Only two of us were going to school via horse-drawn school van and she knew the others would also need to be closer to school, stores, and other needs of a growing family. Our home was meager but was situated in mid-downtown.

Hauled wood for cook stove

Mother wasn’t raised Catholic, but she faithfully saw to her children attending church. Of course it was easy to attend church as we lived right across from the church.

Our home didn’t have all the luxuries of today, like oil or electric furnaces. This meant arranging for wood to be hauled for the cook stove, then getting it split. Coal was ordered for the heater in the living room for the winter months.

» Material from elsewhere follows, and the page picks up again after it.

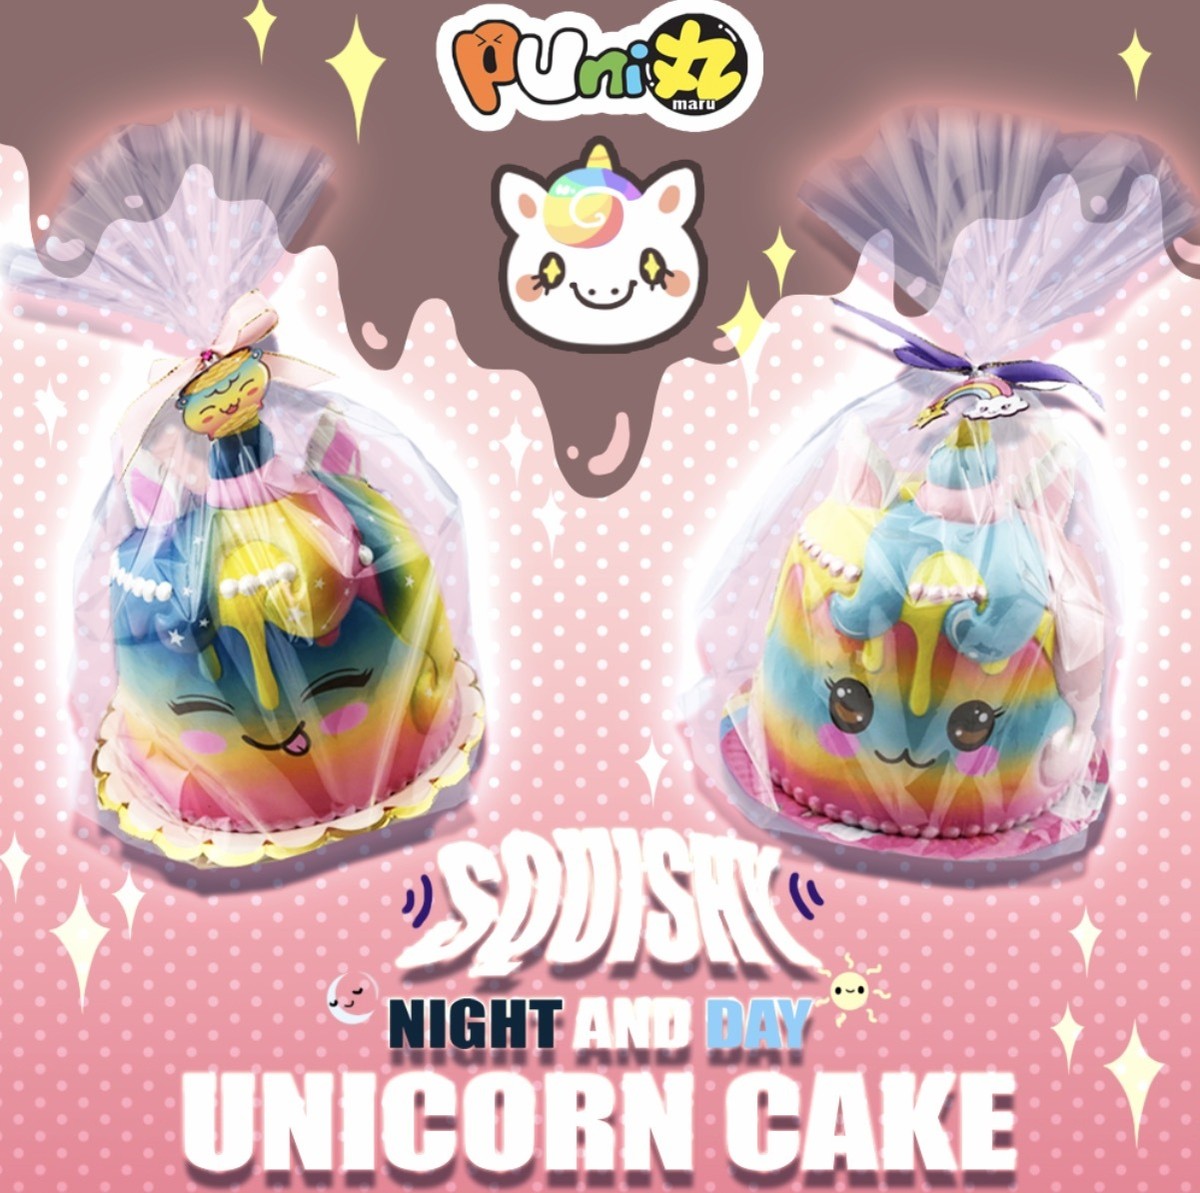 ぷに丸 Puni Maru Super Jumbo Rainbow Unicorn Cake ジャンボユニコーンケーキ スクイーズショップ クレア

Mom would wrap parcels for overseas with things she felt dad would enjoy. Our big family gave us more ration coupons for sugar, butter, etc., but with that many mouths to feed, it was a trial making ends meet.

Mom always encouraged us to help in the war effort. We gathered scrap iron and anything that was being asked of us to turn in. She planted a big garden, canned fruit and vegetables, baked bread and other goodies when rations would allow, and sewed things by hand.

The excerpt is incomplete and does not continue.